CMS's most recent Appendix PP grounds these new requirements in providing person-centered care:

"Providing behavioral health care and services is an integral part of the person-centered environment. This involves an interdisciplinary approach to care, with qualified staff that demonstrate the competencies and skills necessary to provide appropriate services to the resident. Individualized approaches to care (including direct care and activities) are provided as part of a supportive physical, mental, and psychosocial environment, and are directed toward understanding, preventing, relieving, and/or accommodating a resident's distress or loss of abilities."

This new section encompasses whole emotional and mental well-being but also includes prevention and treatment of mental and substance abuse disorders, Kelly says. This may mean that facilities need to hire or schedule more team members for the direct-care roles. Management needs to make sure that all staff -  especially those who fulfill the hands-on, frontline roles - have the necessary competencies and skillsets to provide care appropriate for residents who have illnesses that result in behavioral symptoms, like dementia.

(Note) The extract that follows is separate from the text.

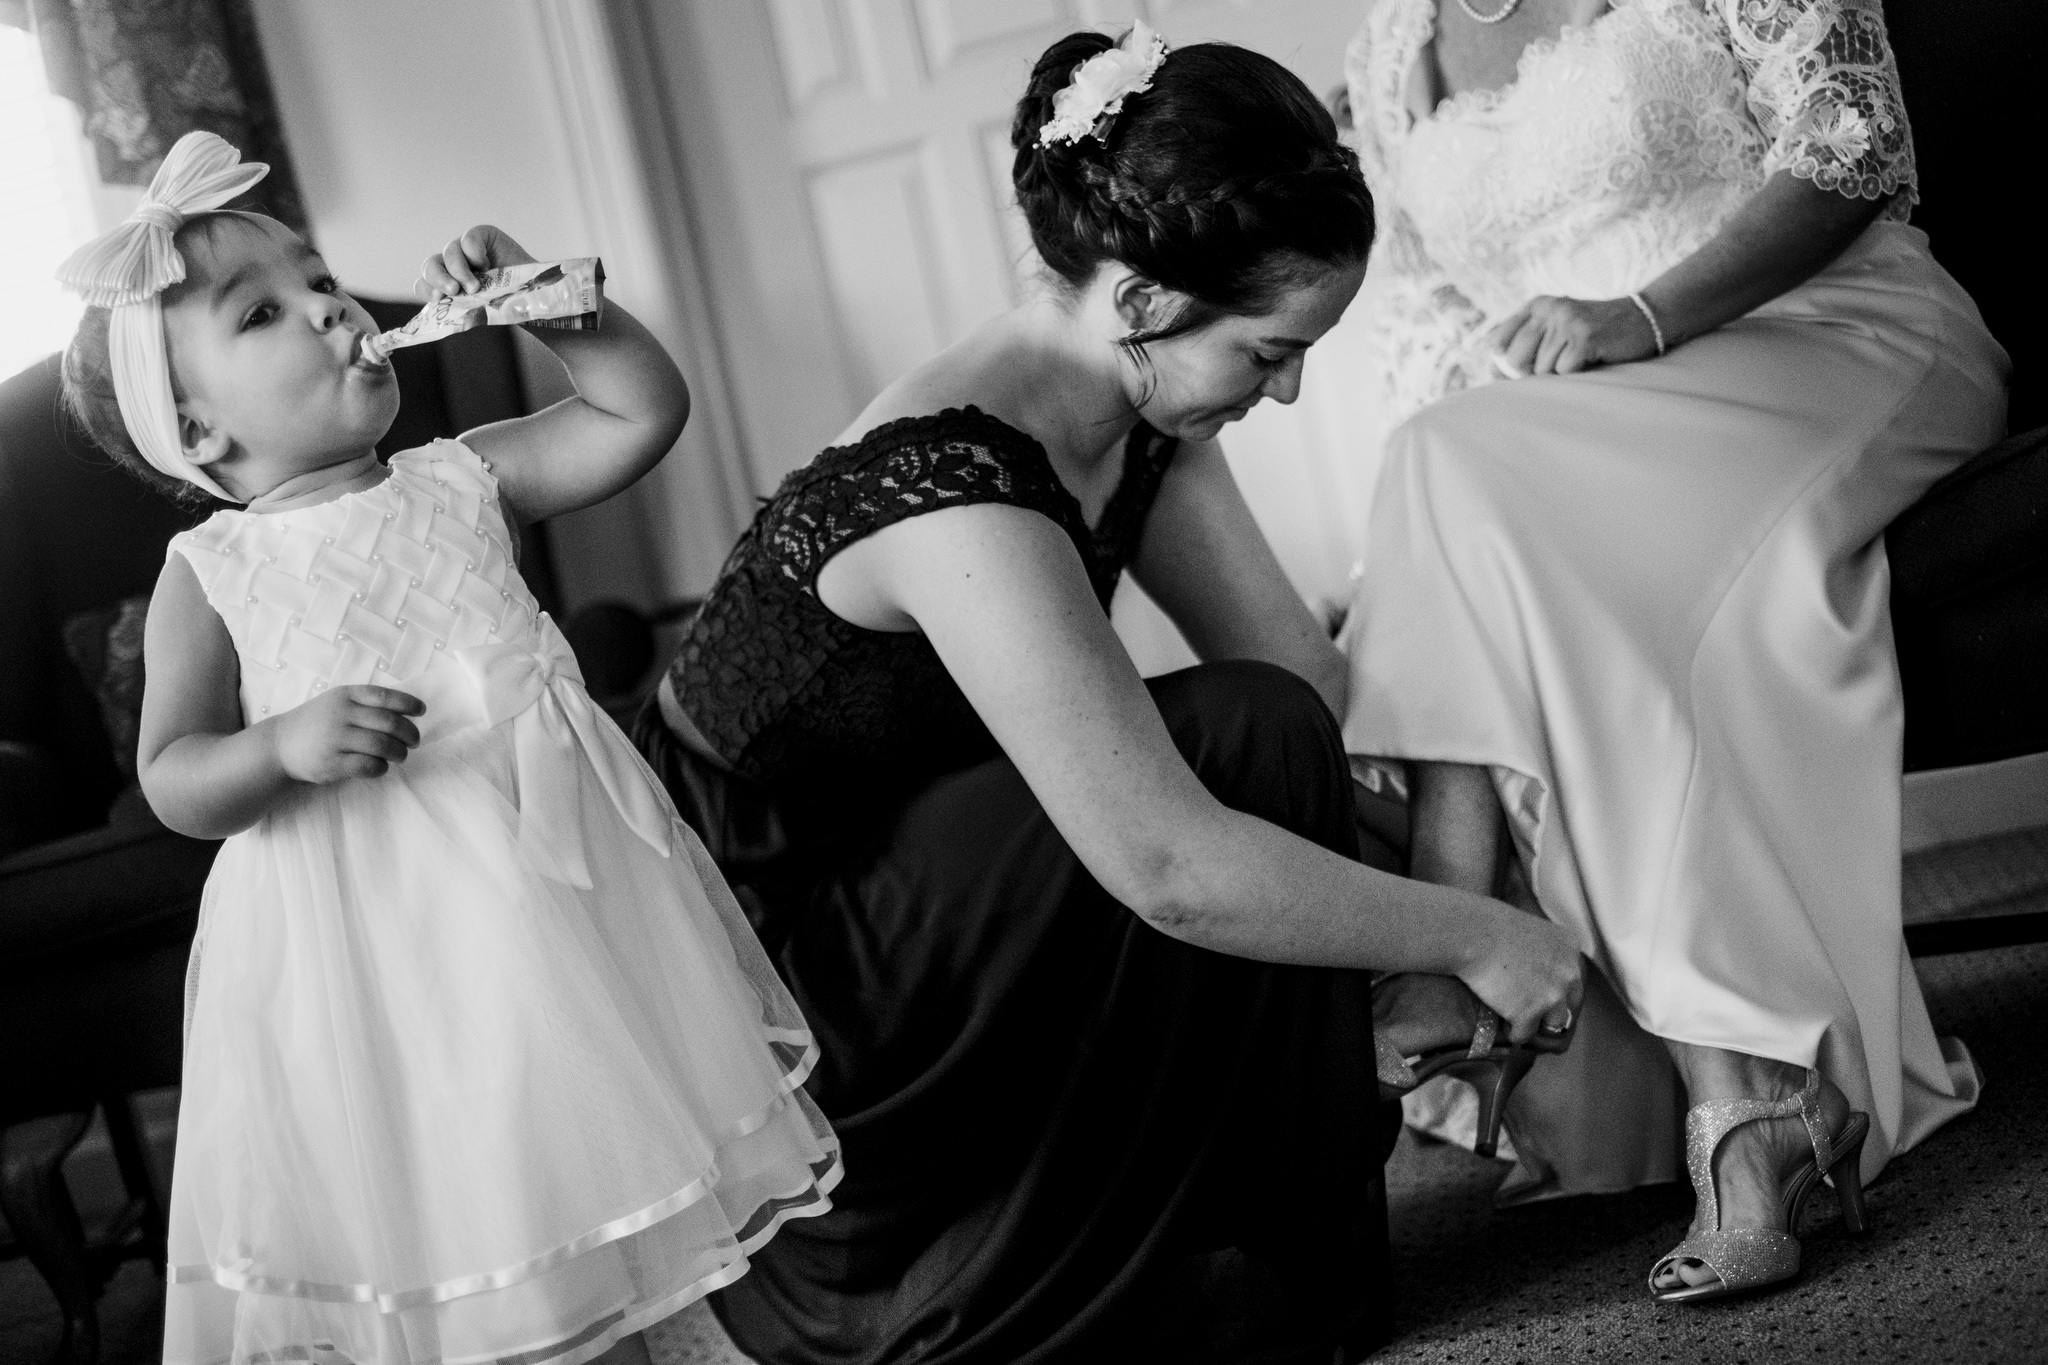 Cindy and Steve's wedding in Murray, Kentucky.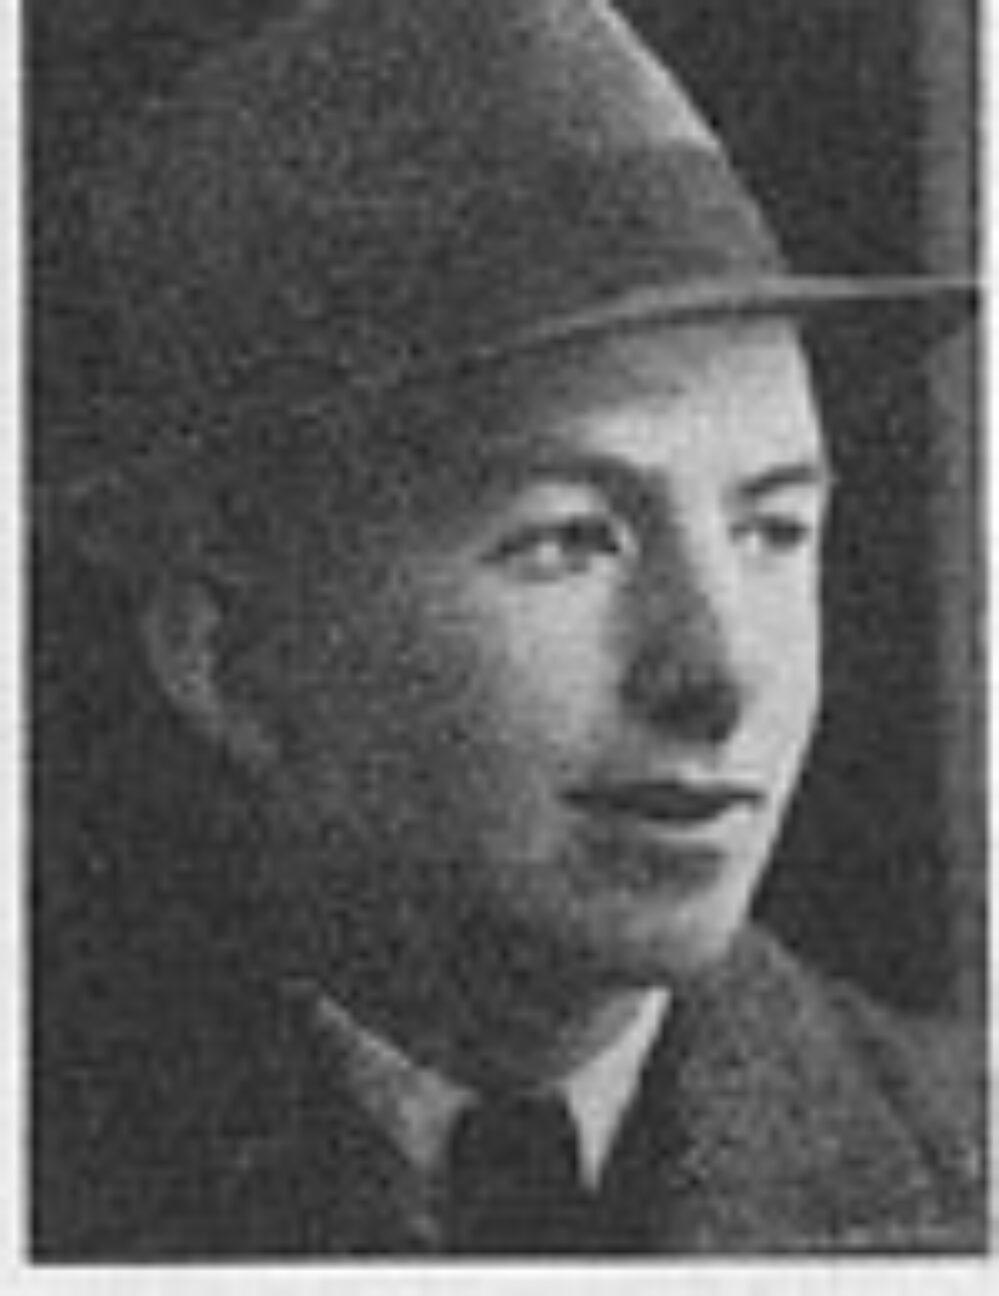 Johan Oluf Bransvik

Your facility and staff know your residents best - and therefore their diagnoses - which would help determine what kind of training your current staff needs and what skillsets you should look out for. Make sure your therapy department knows how to provide the services your residents require (and if they're not equipped, the facility must obtain these services).

Think about providing behavioral health services as a means of safeguarding your residents - to attain or maintain the highest practicable physical, mental, and psychosocial well-being, Kelly says.

Surveyors will be on the lookout for concerns about a facility's behavioral health services and will judge noncompliance by severity level. "The facility is responsible for providing behavioral health care and services that create an environment that promotes emotional and psychosocial well-being, meet each resident's needs, and include individualized approaches to care," Appendix PP says.

Take trauma seriously

Though trauma-informed care is not officially implemented until Phase 3, acknowledging and planning around individual residents' trauma is crucial for their own well-being, as well as your facility's compliance. Appendix PP lists, as an example of noncompliance, a scenario where a resident is known to have war-related post-traumatic stress disorder and becomes visibly upset when triggered by loud sounds and other startling moments. In the scenario, the surveyor watches staff trying to get the resident's attention when approaching from behind by touching his shoulder. The surveyor quotes the hypothetical director of nursing hoping that the resident will get used to living in a skilled nursing facility, along with the door alarms and other noises.

Surveyors are instructed to evaluate the resident's MDS and other documentation (including care plans) to assess whether residents are getting the care they need. Surveyors are also instructed to interview residents and residents' families or representatives they feel they need more information. In this scenario, the surveyor would cite this facility with F740 and severity level 3 of noncompliance, because the resident suffered actual harm but whose health and safety was not immediately jeopardized.